The lineage of MTBC isolates can be determined based on SNP differences [31, 32]. To evaluate the accuracy of the lineage-prediction module implemented in GenoMycAnalyzer, we analyzed 1,935 MTBC isolates with phylogenetically determined lineages [31]. A total of 84 lineages/sub-lineages were identified, all of which were concordant with previously reported lineages (Additional file 5: Table S11).

GenoMycAnalyzer predicts spoligotypes based on 43 spacer sequences of the direct repeat locus in the MTBC genome. We analyzed 54 MTBC isolates with experimentally determined spoligotypes [38] and identified 20 different spoligotypes. Notably, spoligotype predictions using the GenoMycAnalyzer were concordant with the laboratory-determined spoligotypes for all isolates, resulting in an accuracy of 100% (Additional file 1: Table S12).

Discussion

In this study, we present a high-confidence automated bioinformatic tool we dubbed the GenoMycAnalyzer. We present extensive validation of this tool, which analyzes MTBC WGS data to provide gDST for 15 antituberculosis drugs using the WHO mutational catalogue [10] and large deletions [33]. GenoMycAnalyzer also offers species-level identification of MTBC and NTM, prediction of the MTBC lineage and spoligotype, and visualization of the detected variants. In a clinical setting, WGS data obtained after patient sample processing could be automatically processed through this pipeline which would present a user-friendly interface and deliver results in standard lab format.

The WHO mutational catalogue is the most comprehensive knowledge base of mutations associated with MTBC drug resistance and assigns a confidence grade to one of five groups for each variant [10]. Group 1 and 2 mutations present in the catalogue accurately predicted resistance and strongly correlated with pDST for most drugs [10], and GenoMycAnalyzer reports strains harboring group 1 or 2 as resistant. One of the limitations of the WHO mutational catalogue is that it has not been validated using an independent dataset [10]. Using the GenoMycAnalyzer, we confirmed the excellent discriminative ability of drug resistance for most antituberculosis drugs, even in an independent large dataset. Specifically, the AUC of GenoMycAnalyzer showed equivalent (rifampicin, isoniazid, ethambutol, moxifloxacin, amikacin, and capreomycin) or better (pyrazinamide, levofloxacin, and kanamycin) prediction performances than those reported by the WHO mutational catalogue, thus confirming the non-inferiority of the GenoMycAnalyzer.

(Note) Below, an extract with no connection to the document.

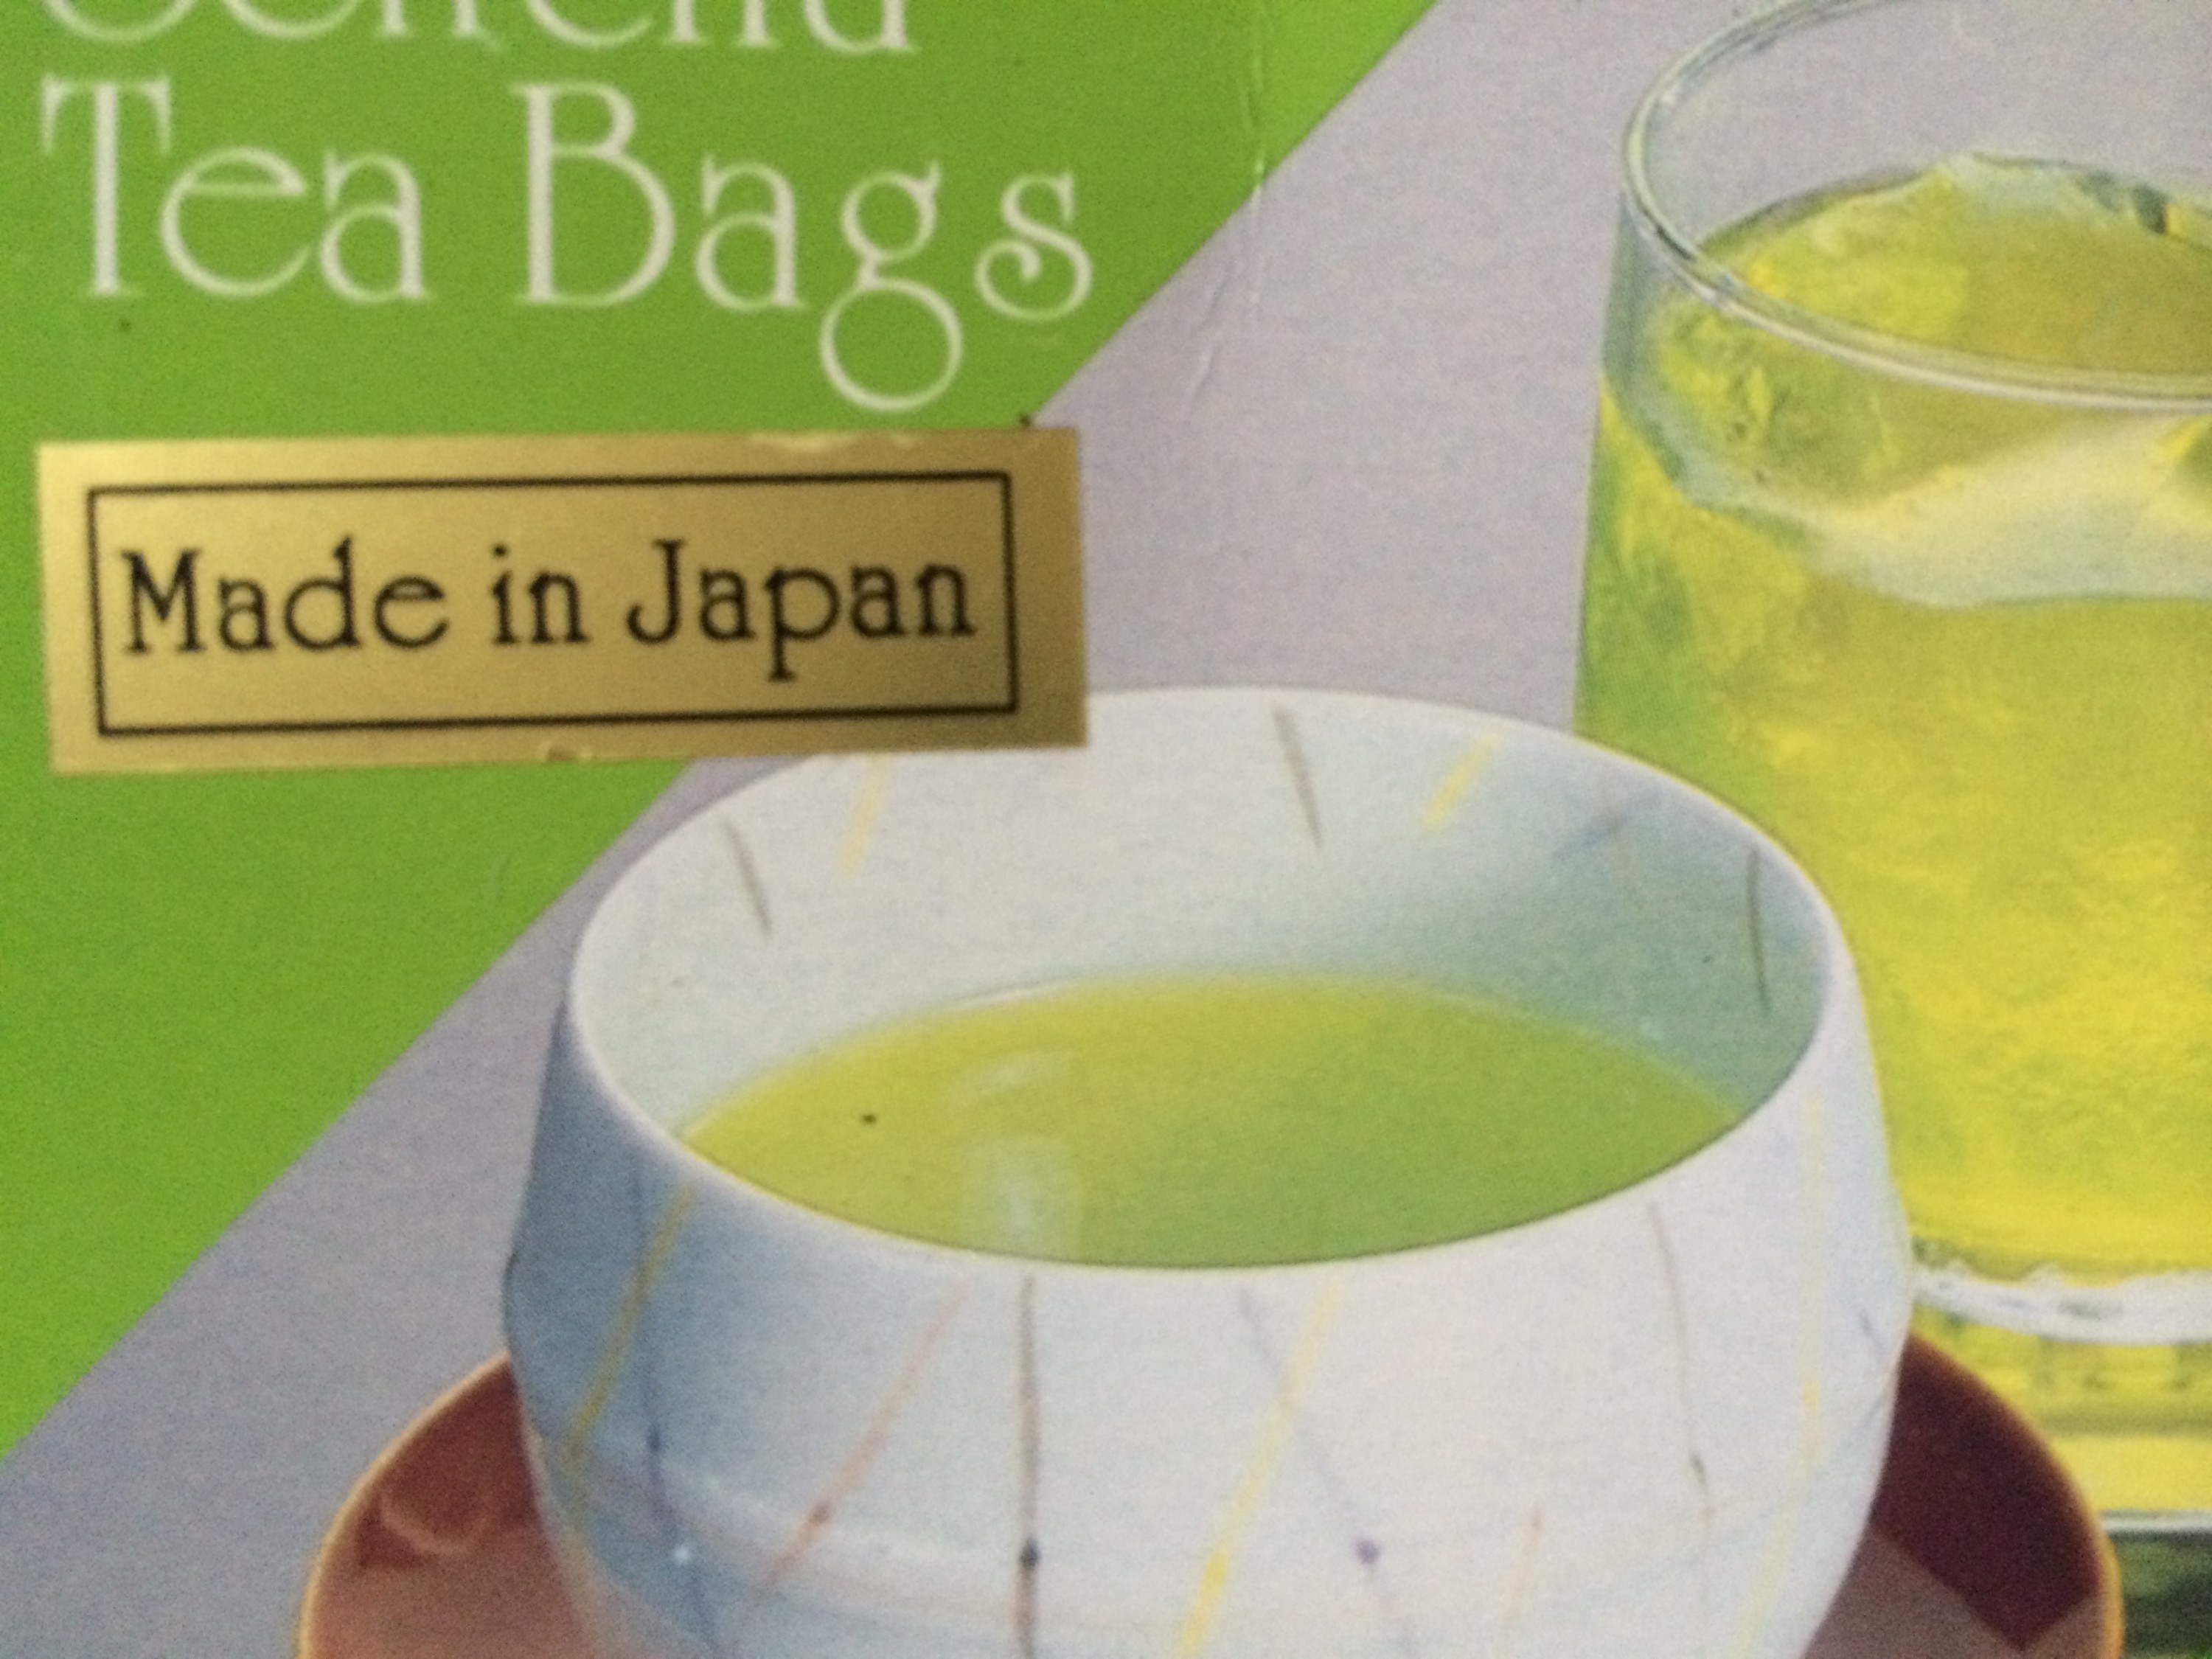 О-тя укэ или как заварить зеленый чай из Японии

In some cases, it is noteworthy that mutations reported in the WHO mutational catalogue and those detected in this study overlap at the amino acid level but are discordant at the nucleotide level. For example, nucleotide change of embB p.Met306Ile conferring ethambutol resistance is ‘c.918G > A’ in the WHO catalogue, whereas ‘c.918G > C’ causing the identical p.Met306Ile was recurrently detected in our ethambutol-resistant isolates. Likewise, katG c.944G > C (p.Ser315Thr), rpsL c.128A > G (p.Lys43Arg), and rpoB c.1349C > T (p.Ser450Leu) identified in this study overlapped at the amino acid level, but were discordant at the nucleotide level. This observation could be related to the inherent redundancy in the genetic code, suggesting that clinicians assessing or diagnosing gDST using the present version of the WHO mutational catalogue should exercise caution to prevent misdiagnoses.

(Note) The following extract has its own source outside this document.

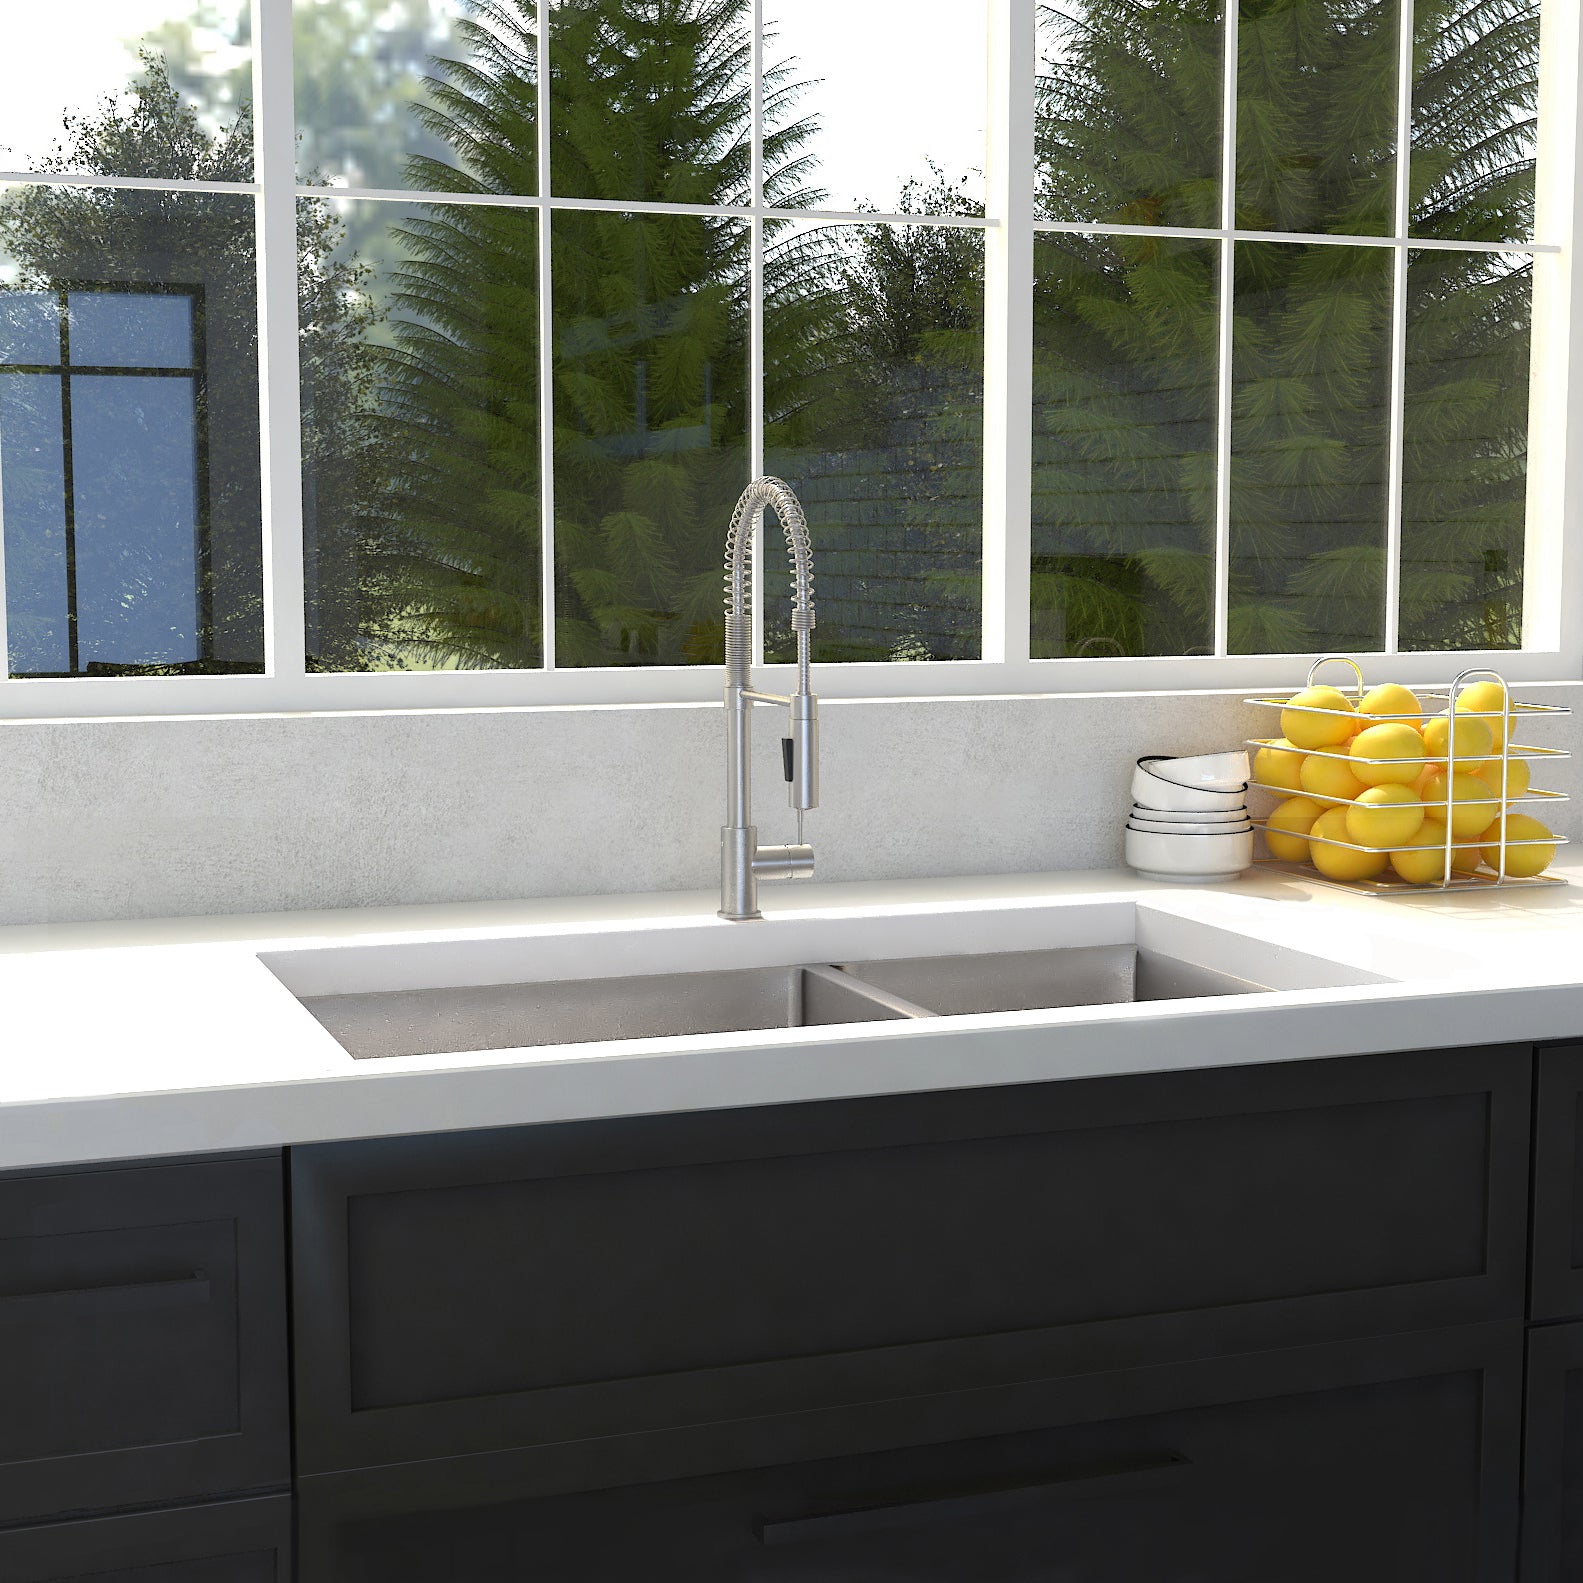 ZLINE 36 in. Chamonix Undermount Double Bowl Kitchen Sink with Bottom Grid  in Modern Farmhouse-style kitchen

Large deletions lead to the loss of genetic material, can disrupt protein function, and are sporadically observed in drug resistance-related genes such as katG and pncA [39, 40]. Using WGS data, GenoMycAnalyzer successfully detected large deletions with varying frequencies in katG (0.5%), pncA (1.8%), gid (2.1%), and ethA (0.8%). Notably, large deletions were mutually exclusive to resistance-conferring mutations. When large deletions were included, the gDST sensitivity to pyrazinamide and streptomycin increased by 4.9% and 5.4%, respectively. In addition, more than half of the isolates with pncA large deletions belonged to the East Asian lineage (lineage 2, 38 of 58 isolates with large pncA deletion, 65.5%), consistent with previous findings [28]. These results suggest that the use of WGS data in clinical settings may provide advantages for diagnosing drug-resistant MTBC by simultaneously detecting large deletions and resistance-conferring variants that are difficult to detect using conventional PCR.

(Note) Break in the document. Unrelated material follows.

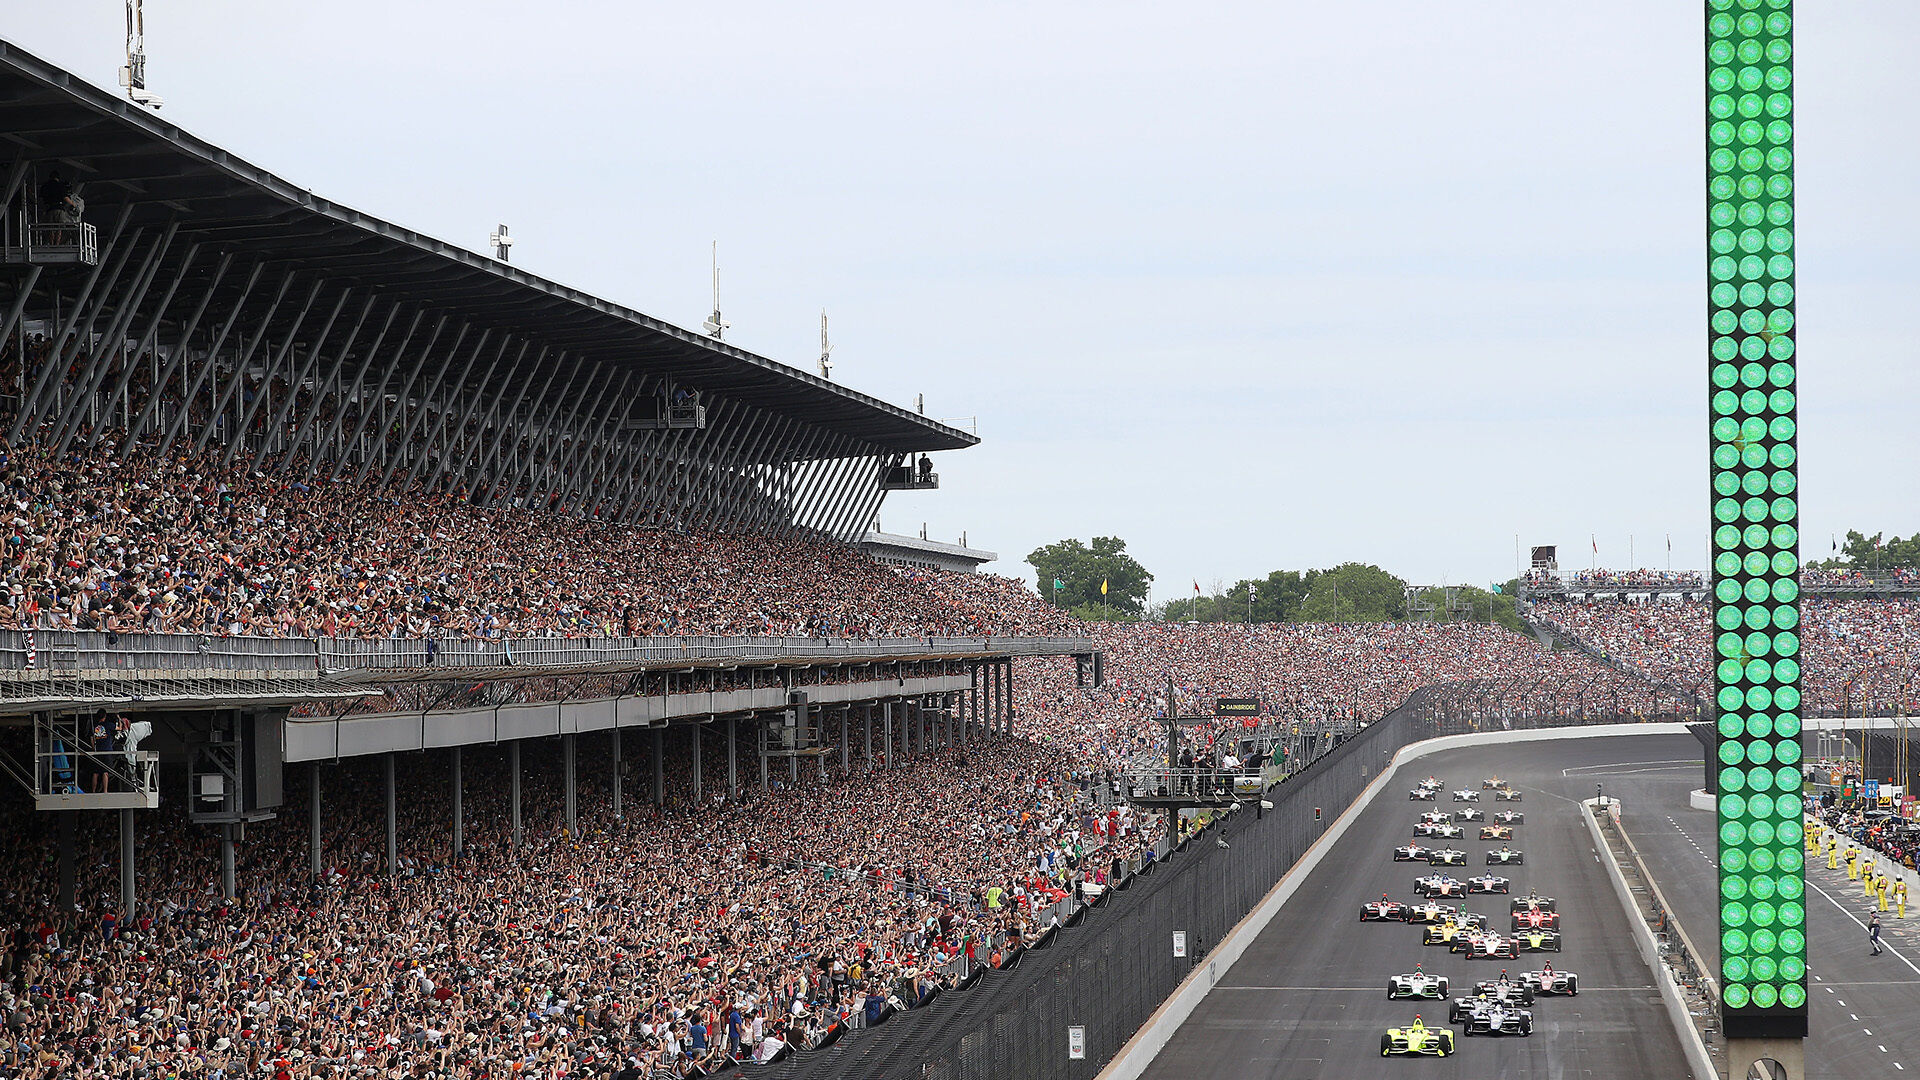 Las famosas 500 millas de Indianápolis reúnen cada año a 350.000 espectadores en el mítico óvalo Indianapolis Motor Speedway. Se habla de un récord de 400.000 aficionados sin precisar el año. Ni la Fórmula 1 puede competir con eso.

Identifying NTMs at the species level is important for effective treatment [41]. Kraken2 is effective in identifying mixed NTM infections, with the highest sensitivity and specificity among the tested analytical tools [42,43,44]. However, species prediction by Kraken2 using a built-in database revealed that only 90% of the tested isolates matched their known species, and most of the mismatches were due to the absence of NTM sequences within the database (Additional file 1: Table S9). These include M. colombiense, M. asiaticum, and M. malmoense, which cause human infections [45,46,47]. In contrast, GenoMycAnalyzer uses a custom-built database that adds 107 NTM sequences, and its species identification accuracy is as high as 98.8%. The GenoMycAnalyzer has two additional functionalities that are important for mycobacterial analysis. First, the GenoMycAnalyzer includes a molecular typing function, and large-scale validation confirmed accurate lineage and spoligotype predictions. These features may be useful for epidemiological surveillance of mycobacteria [31, 48]. Second, the GenoMycAnalyzer integrates the IGV browser to visualize the detected variants. Manual inspection using IGV may allow investigators to assess variants efficiently, serving as a potent method for validating variant calls and reducing false positives while confirming true findings [15].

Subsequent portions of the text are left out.